William takes command when he sees the pandemic coming. He rents a house on the coast of Maine and hurries Lucy out of her beloved New York. “Maybe just a few weeks,” he lies, firmly putting her computer in the car while she insists that for this brief spell she’ll only need an iPad. “What are those?” Lucy asks in disbelief, seeing his plastic gloves for use at the petrol pump. “Don’t worry about it,” he repeats, and this is how they go on. William continues uncommunicatively in his self-appointed task of saving Lucy’s life. Lucy goes where she is put, resisting engagement in a way that is hard to fathom until we understand how deeply it is connected with grief for her second husband, and separation from the city they shared.

“It’s funny the things we remember, even when we think we are not remembering well any more.” The novel takes the shape of Lucy’s remembering. What can she recover from these months? She is not like one of Joseph Conrad or Ford Madox Ford’s narrators, ranging back and forth over time, circling and returning to events. She makes a chronicler’s progress, but unseen, unspoken and forgotten things are part of her subject. Shafts of childlike love and hate come back from the first days in Maine: irritable hatred of jigsaws and the borrowed house; love of the sea. “I thought: This is the sea!” Slowly (it was “weirdly slow”), knowledge of the situation makes its way into her; moments of sudden insight build to a larger comprehension. There are incidents that Lucy cannot forget and which she lays before us, in a confession that asks no forgiveness. She did not swap her place in a grocery queue with an elderly man. She could have done the right thing, and she didn’t. It’s a test or a parable, a vignette with the quality of an old woodcut, inescapable in its simplicity. And it’s uncannily true to the sharp outlines of so many discrete and freighted pandemic encounters.

Like Oh William!, this is a study of a later-life reunion between a man and woman who married in their 20s. William is hard to like, and Lucy’s acceptance of him requires our attentive reflection.
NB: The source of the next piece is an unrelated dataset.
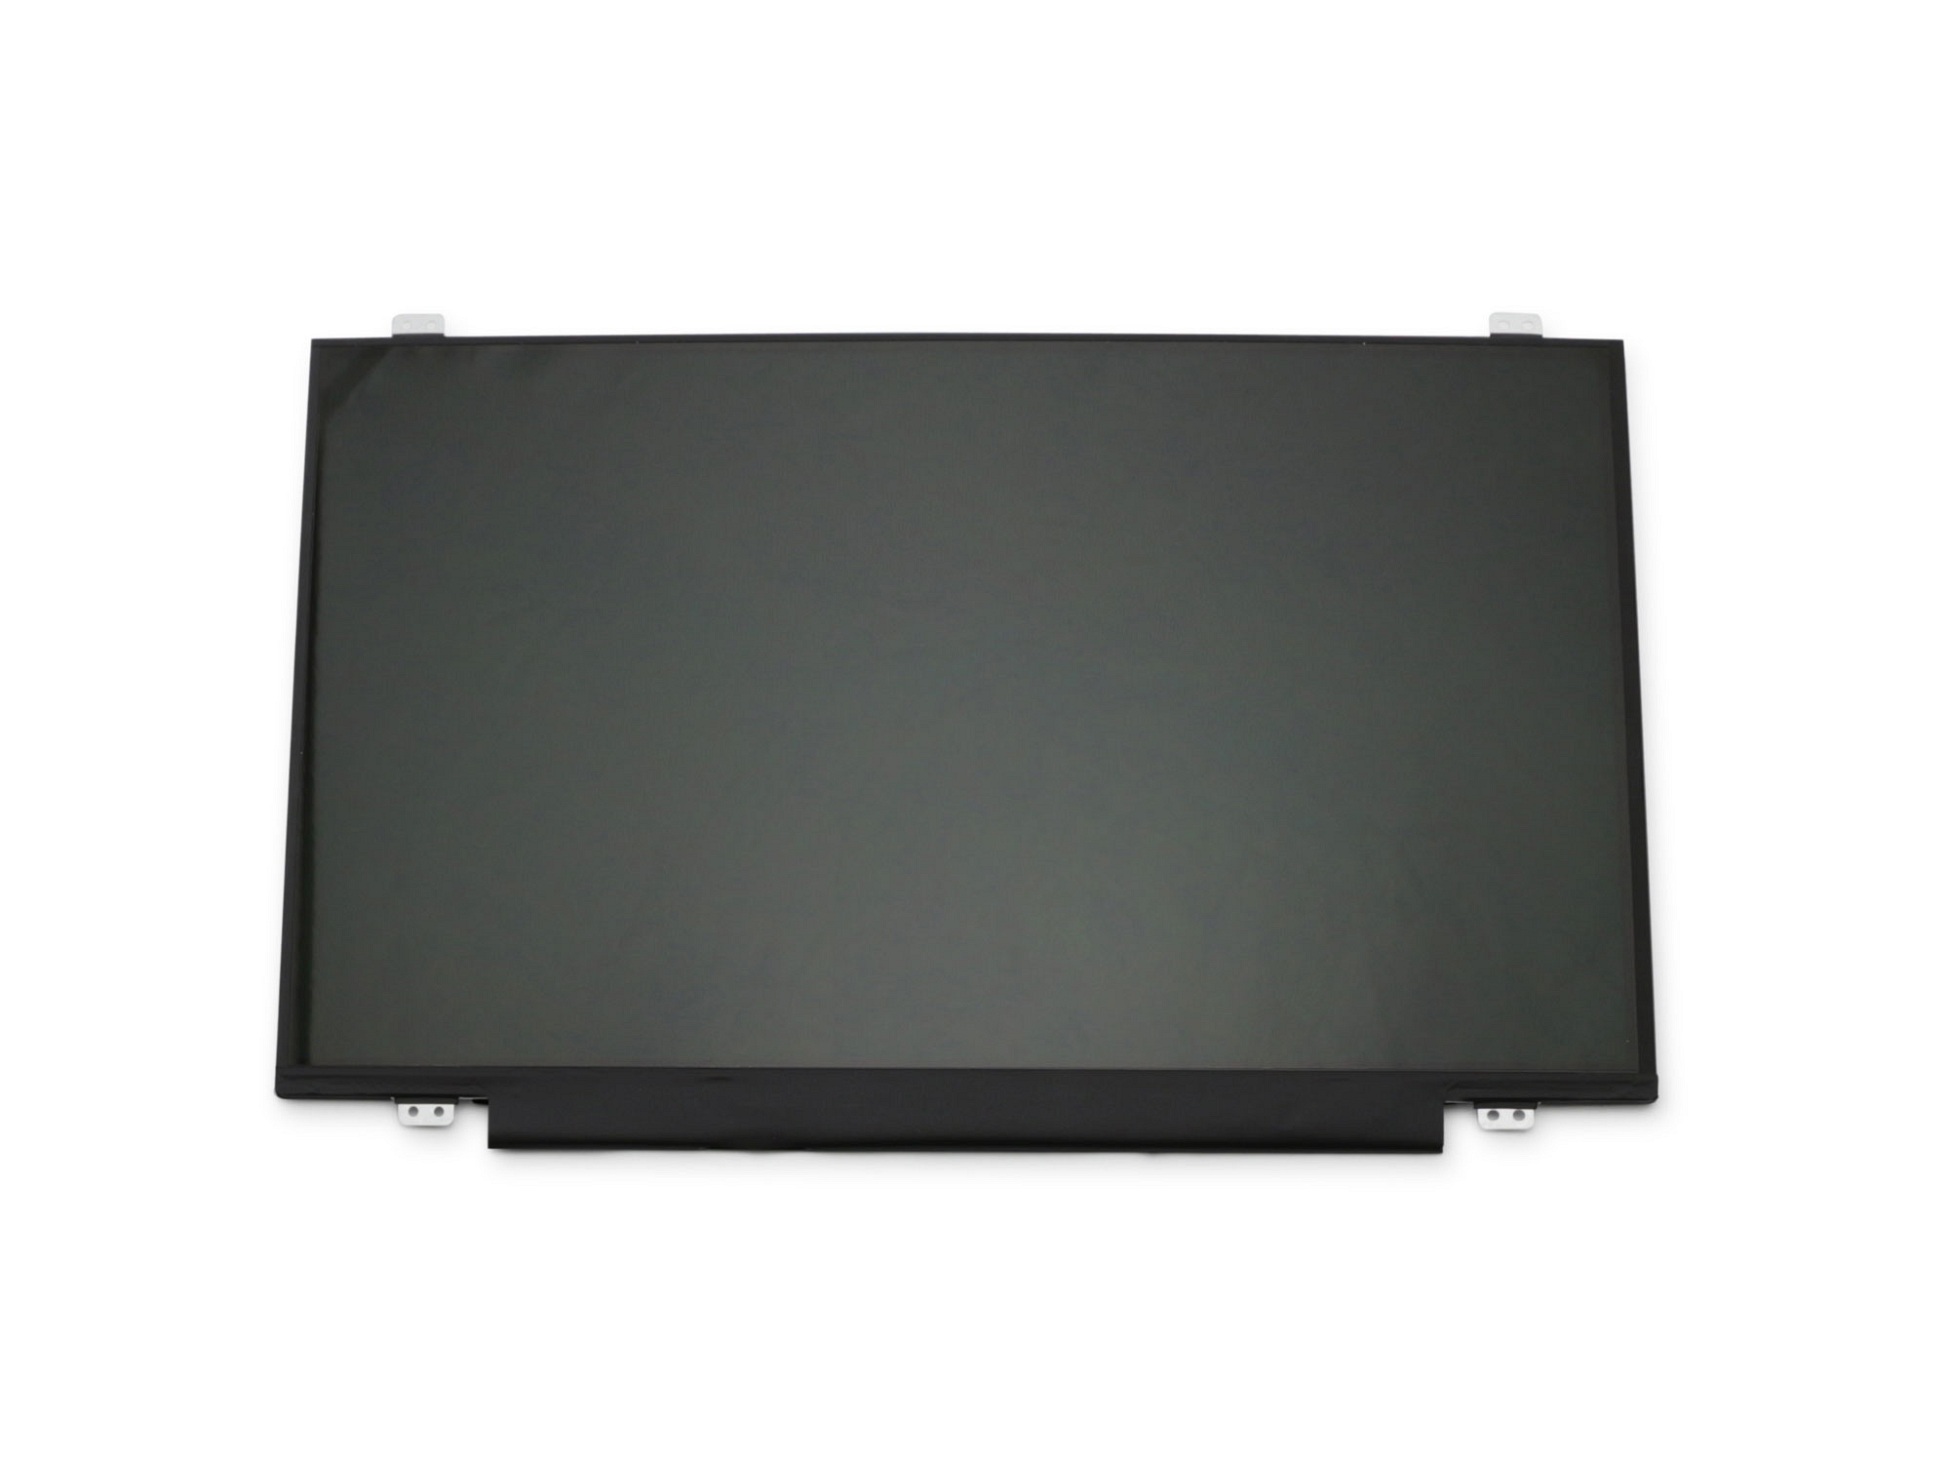 LG LP140WH8-TPD1 Display (1366x768) glänzend slimline

Strout refuses the easy satisfactions of a tender tale, though she is deeply interested in what these people can give each other. Lucy by the Sea is also about a mother and her grown-up children. They are phoning in crisis or, worse, not phoning. “Oh dear God did I miss those girls.” Their news of pregnancies, of break-ups, brings overwhelming joy and distress. Lucy’s worry, amplified by lockdown, rises in tides so strong that it keeps them away. Under it all runs Lucy’s own loveless childhood, locked down with abusive parents in Amgash, Illinois. The conversations and silences with her mother in My Name Is Lucy Barton, and with her siblings in Anything Is Possible, are refracted now in conversations with her daughters. On the airy clifftop porch we are a long way from Lucy’s beginnings, but Strout is as concerned as ever with legacies of fear and inhibition, with “what we came from”, and what is passed on.
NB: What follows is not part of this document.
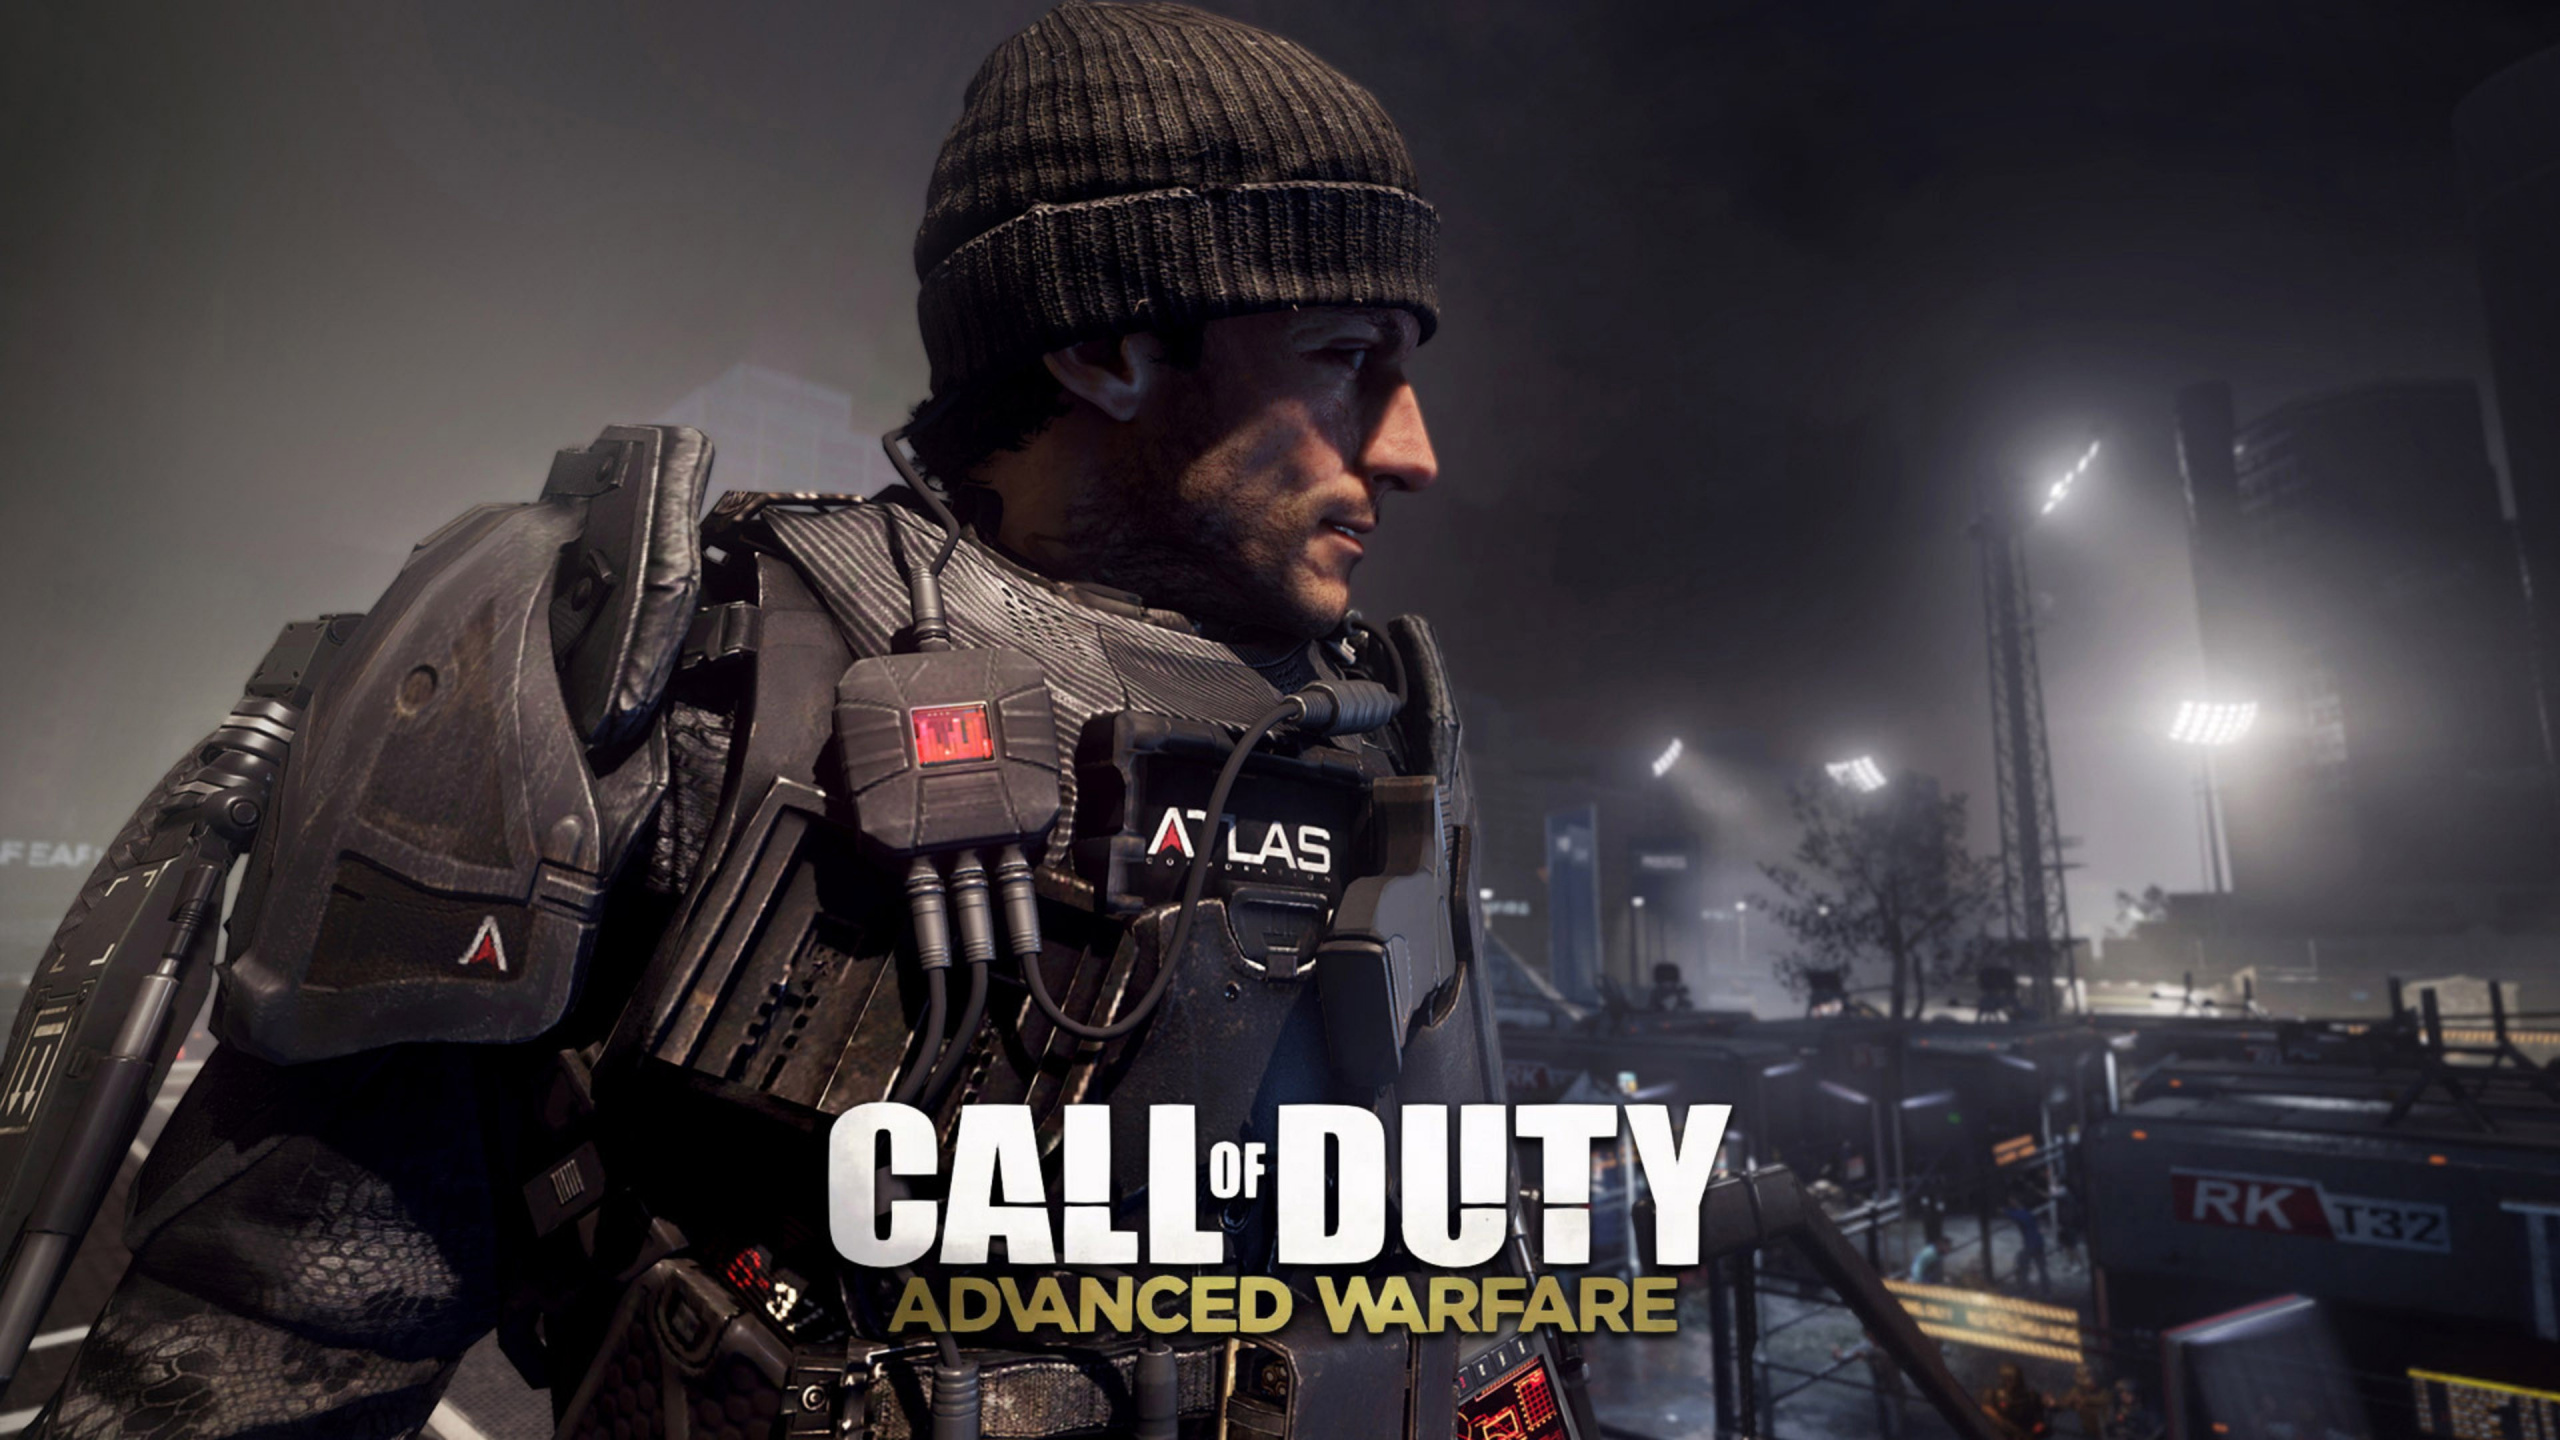 Call of Duty Advanced Warfare, Sledgehammer Games, Multijoueur Jeu Vidéo, Jeu Pc, Soldat. Wallpaper in 2560x1440 Resolution

Each of these books is complete in itself. The relationships between them are remarkable, but would be just as compelling if one read the Lucy sequence in reverse. I’m a little more doubtful about Strout’s insistence that all her novels chart the same fictional world, with characters liable to reappear at any moment. Lucy and William’s borrowed house is outside Crosby, a town where we know the neighbours. Bob Burgess, whose family history was told in The Burgess Boys, now becomes a central figure. We hear, at one remove, about an old woman called Olive Kitteridge telling wicked stories in a retirement home nearby. It’s a self-reflexivity that sometimes pulls against the translucent prose and reminds us of the overseeing author. But that author has much to show us about pasts that keep returning, and lives that go on whether we’re watching or not.
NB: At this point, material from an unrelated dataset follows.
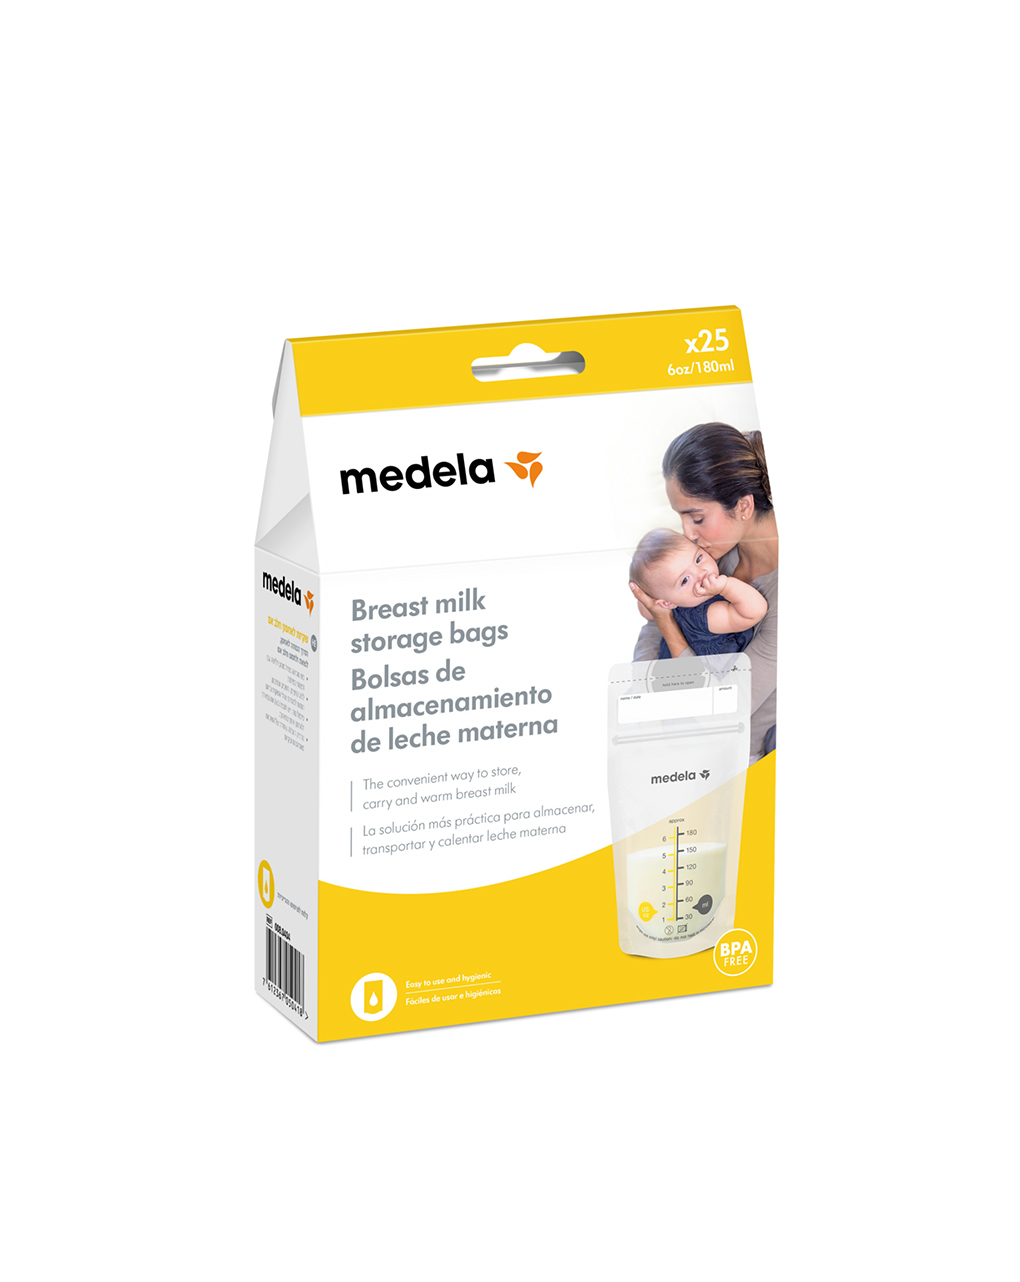 Medela breast milk storage bags σακουλάκια φύλαξης μητρικού γάλακτος, 25 τεμ. 180ml

Lucy’s account of her own experience is studded with the stories of others – people she has got to know in Maine, or merely overheard. In a way that recalls the structural craftsmanship of Willa Cather, Strout opens the space for these separate tales. The manner of it seems so artless, almost awkward, that you hardly realise what she’s doing until the force of it has knocked you sideways.

The novel centres on people lucky enough to isolate themselves and turn from the TV news to watch the sea, but there’s little complacency here. William’s daily walk to a second world war watchtower (one of the series of towers obliquely signalling across Strout’s fiction) becomes an act of ritual witness as he reflects on dire history and the dangerous present. Lucy makes a quiet, careful friendship with Trump-supporting Charlene and keeps trying to think across divides. Tiny scenes of social tension are enough to flood her with the knowledge that there is “deep, deep unrest in the country”. As a writer, as a woman, her instinct is to imagine her way into other lives. But when she writes the story of a white policeman, loving the man she creates in her fiction, she holds back from publication. Empathy can go wrong in this febrile culture. “Mostly I couldn’t trust myself: to know what to do these days.”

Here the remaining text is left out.